Directions.
This task calls for the lines below starting at the one containing "calendar-donate.jpg" and ending at the one containing "Autobús de Anpier", repeated exactly with both ends kept and pictures left out.

Data shown.
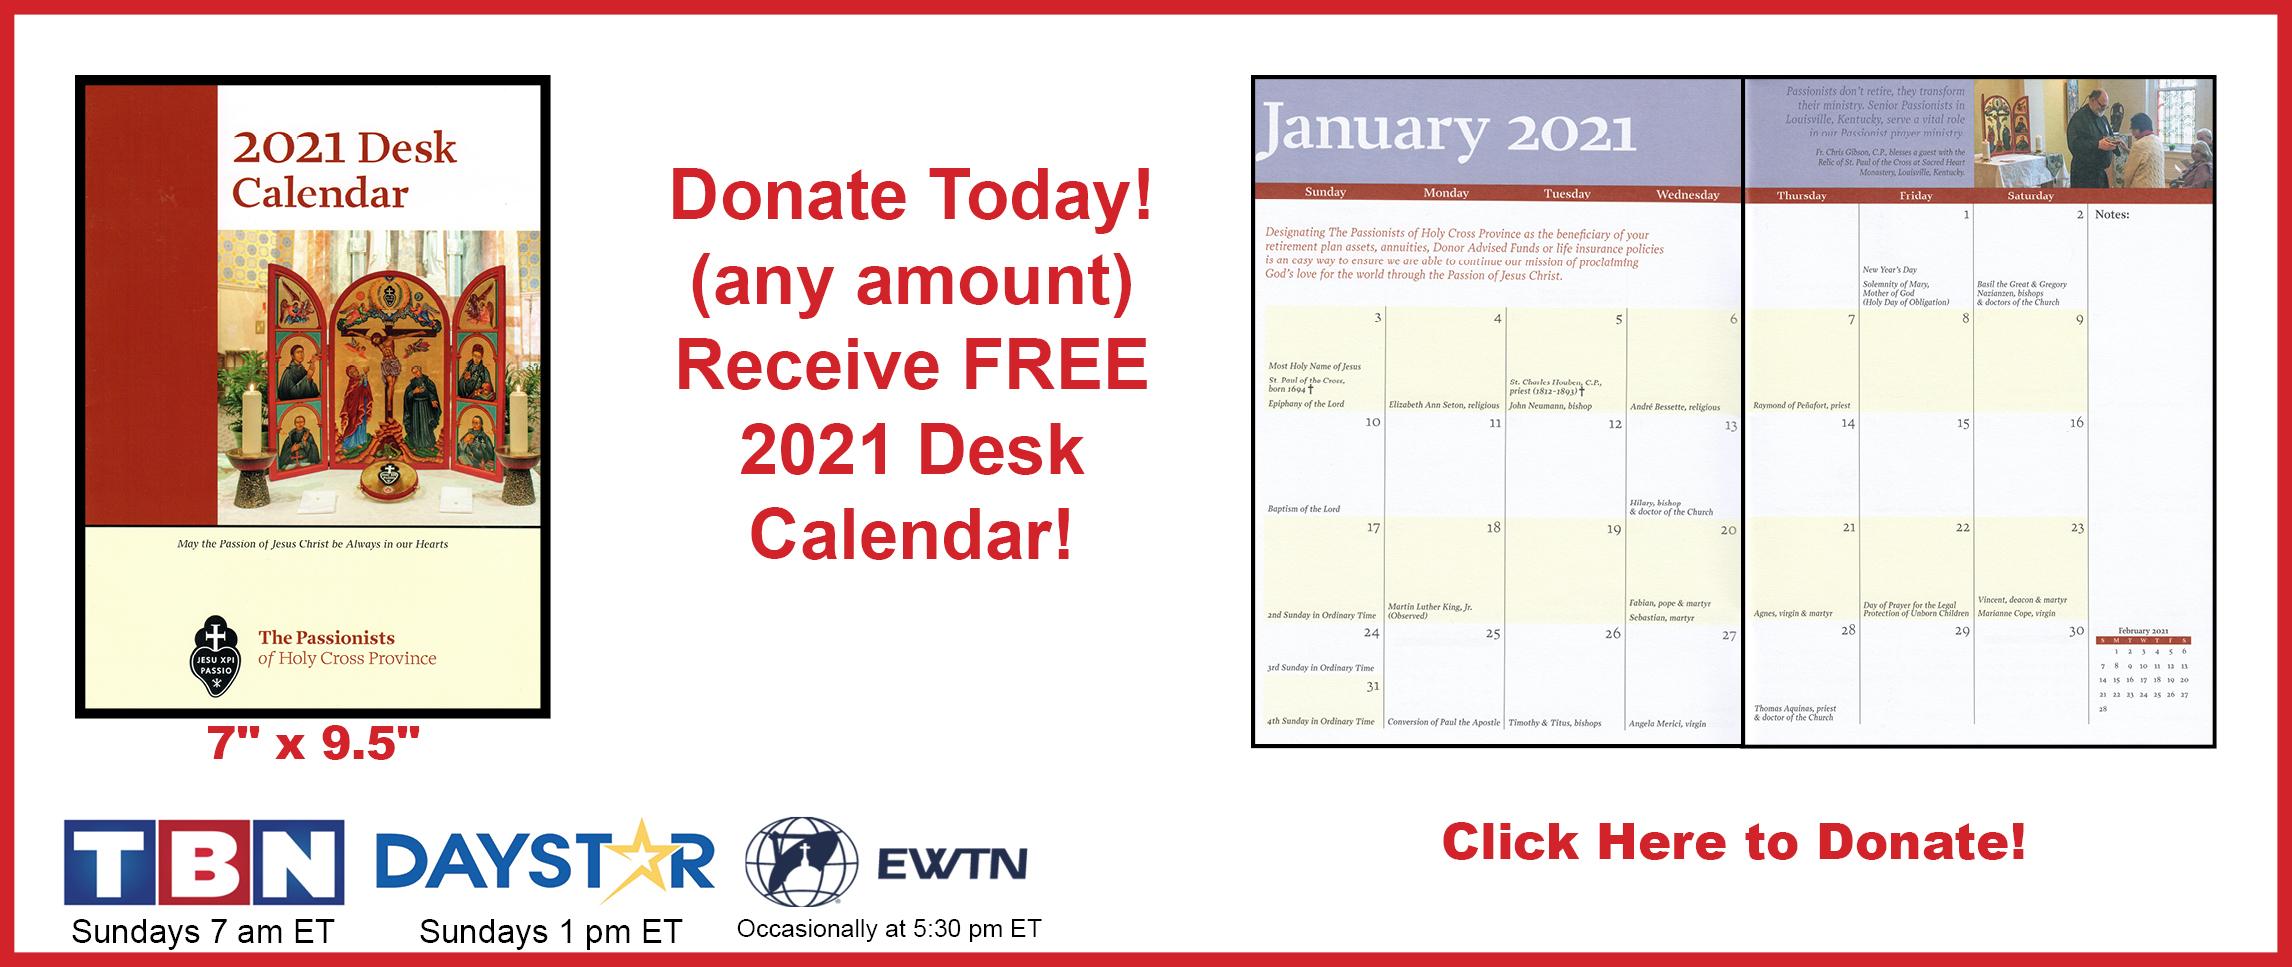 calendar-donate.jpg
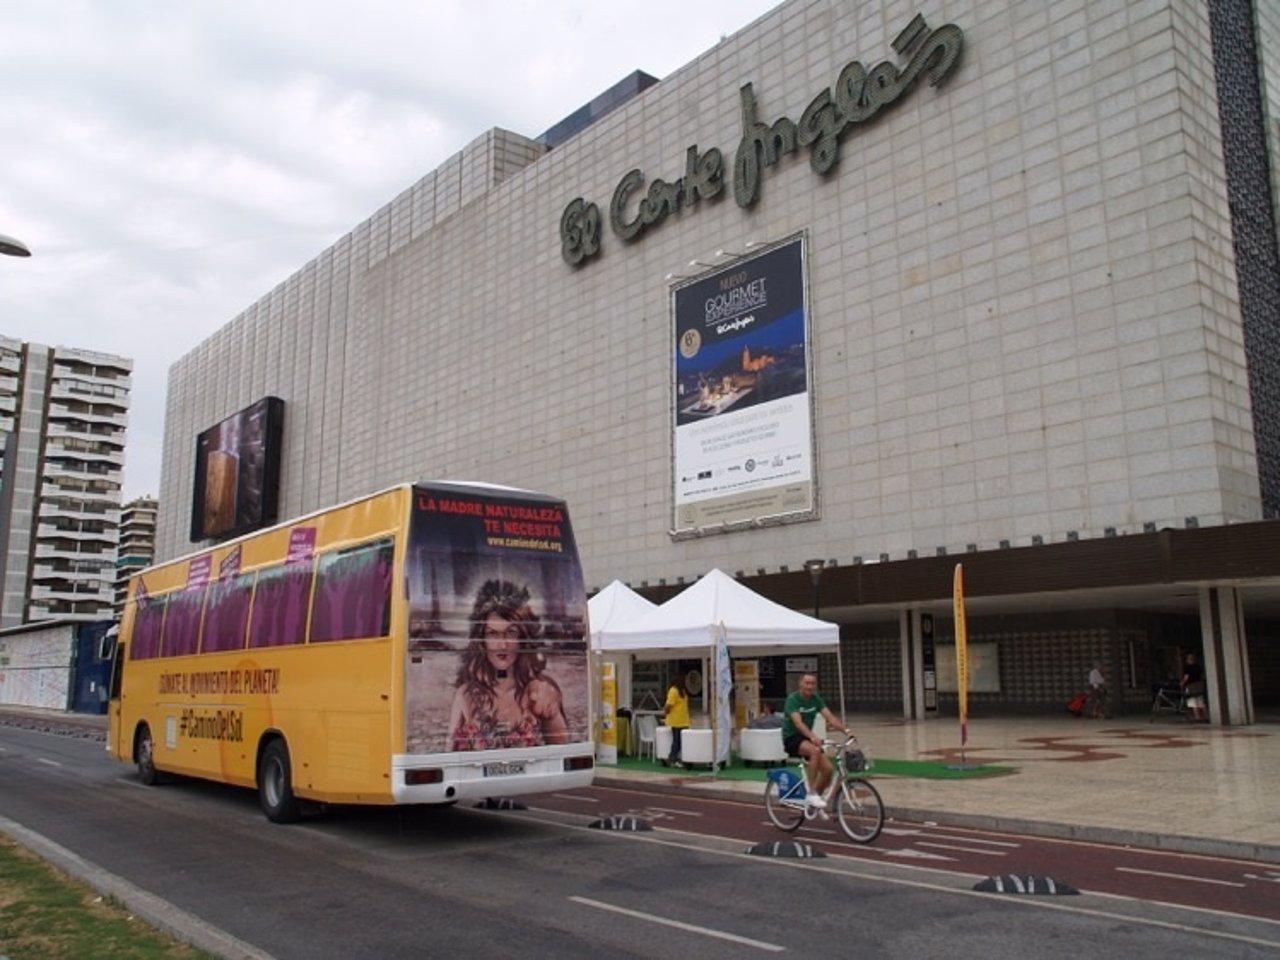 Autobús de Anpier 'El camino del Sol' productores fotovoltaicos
--
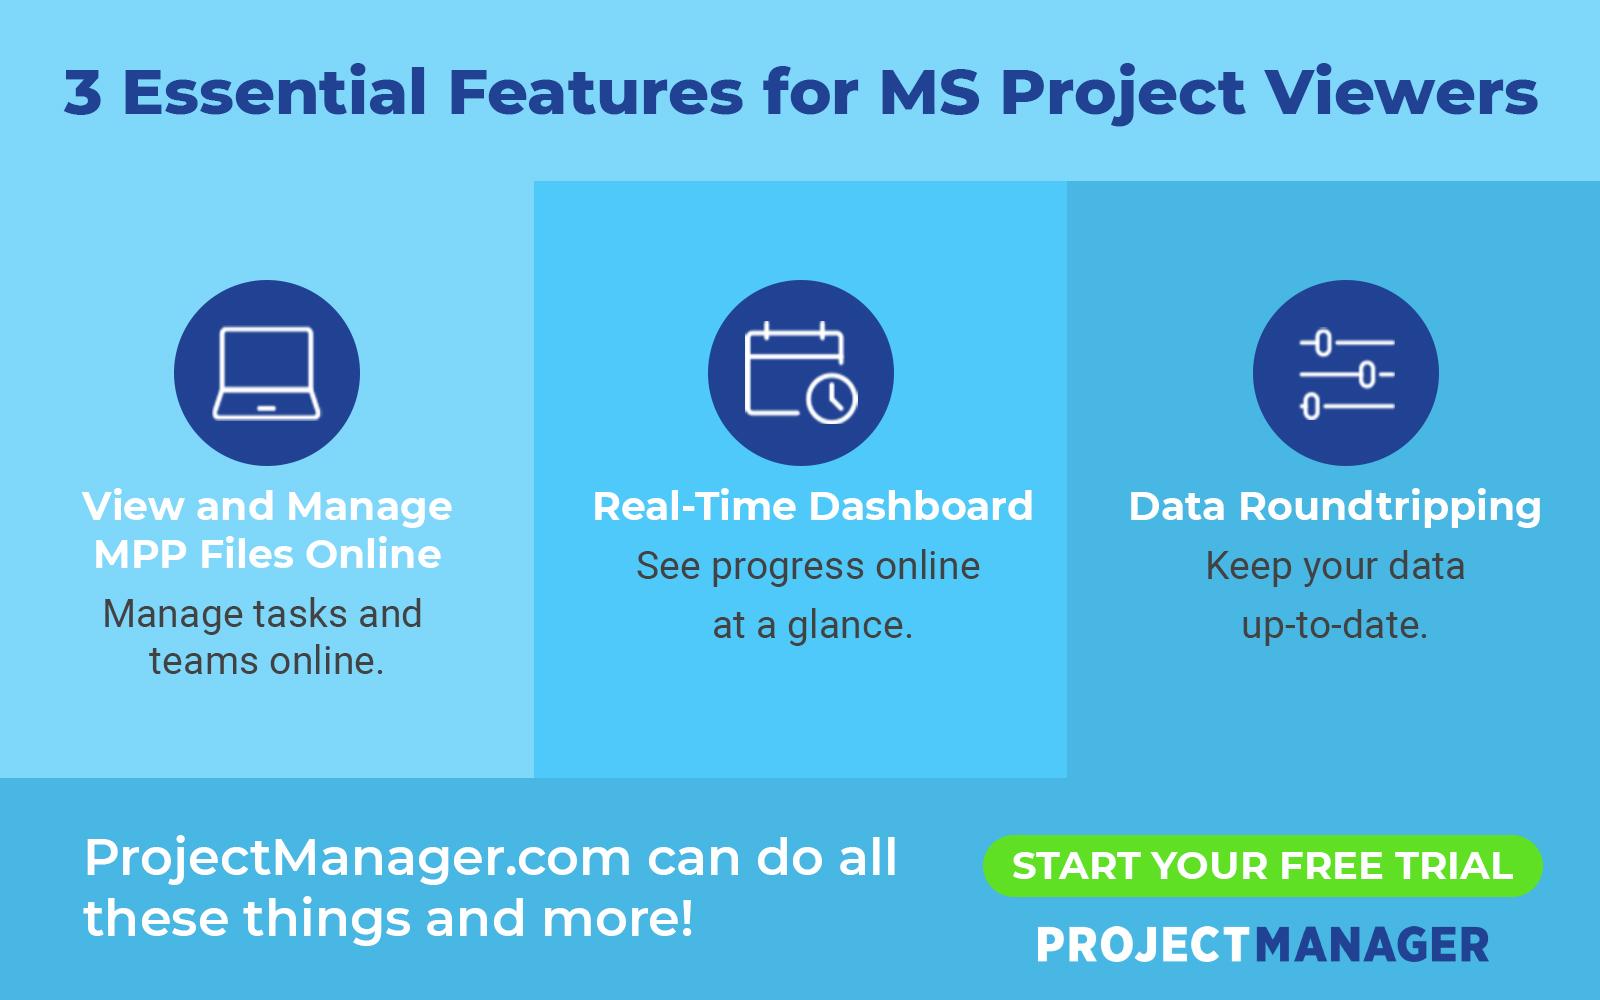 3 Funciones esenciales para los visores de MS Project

Output below.
 calendar-donate.jpg
 Autobús de Anpier 'El camino del Sol' productores fotovoltaicos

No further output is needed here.